# CLOSED: Special Needs bunny "looking" for his forever home!



## BlueCamasRabbitry (Dec 23, 2007)

We here at Blue Sky Acres Rabbitry, have made the hard decision to re-home our blind/partially paralyzed rabbit Artie. He was born on May 1st, 2006.

*About Artie:* He will be 2 years old on May 1st, 2008. He is legally blind (can see somewhat); and doesn't have very good use of his back legs, he kind of just drags them around, but he's still a very active little guy and so sweet!; He needs to go to a home (only an adult or very nice family who will spend quality time with him or a rescue shelter) that will give him TLC until he passes on. (WE WILL BE VERY ANGRY IF YOU GET HIM TO JUST TO PUT HIM TO SLEEP! Hedeserves to live, just because he's blind/partially paralyzed doesn't mean he can't have the chance to live.)He has had to have Terramycin put in his eyes before because of weepy eye. 

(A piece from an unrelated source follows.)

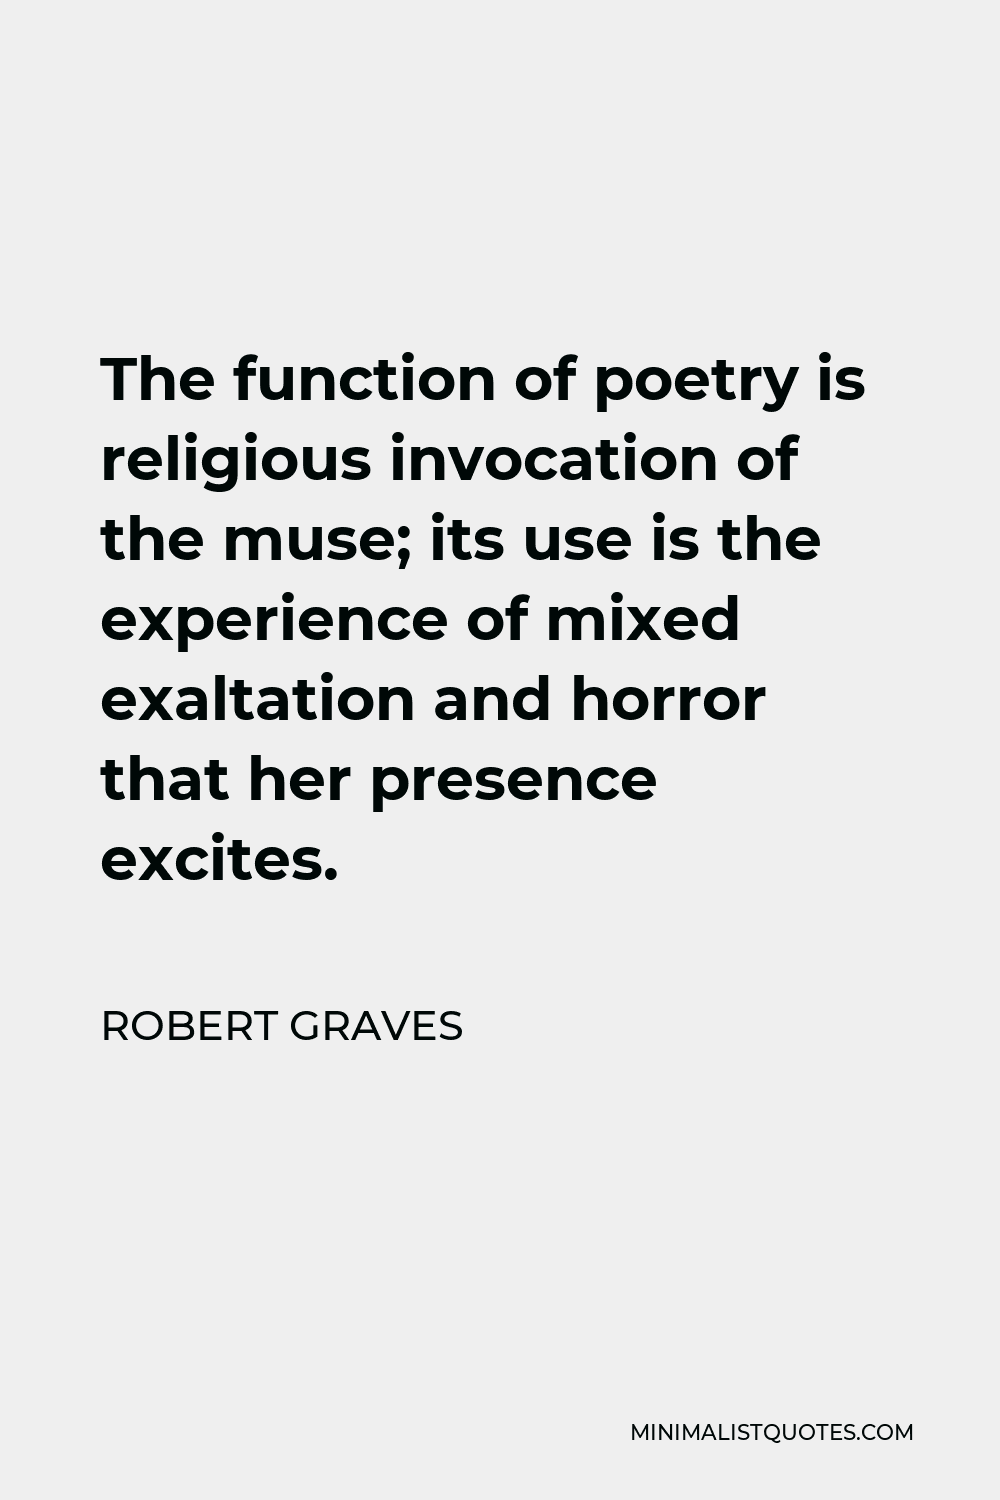 Robert Graves Quote - The function of poetry is religious invocation of the muse; its use is the experience of mixed exaltation and horror that her presence excites.

Artie will need plenty of love, attention andcare, especially to his eyes and feet. He gets sore hocks and weepy eye very easy, so it's important you apply Preperation H (cream) to his feet on the bald spots, and wipe the crusties out of his eyes. He is ONLY a house rabbit! 

He gets around mostly by hearing and all, but he can see somewhat. 

If you're interested in giving this guy his forever home, looking for more information, or have any questions on him, then please e-mail us at [email protected]. We'd really like to see this guy get his forever home for his 2nd birthday! Please make this happen! Thank you!

Adoption/Rehoming Fee:

If a rescue center takes him, it's free (must have proof!) but if an individual would like him, his adoption fee is $30 along with his two teddy bears, his food dish, starter food and hay and a packet on him as well. 

We WILL NOT ship this guy! You must come to get him yourselves. 

Emily


----------



## Pipp (Dec 23, 2007)

Why are you planning on rehoming him? 

What will happen to him if you can't find another place for him?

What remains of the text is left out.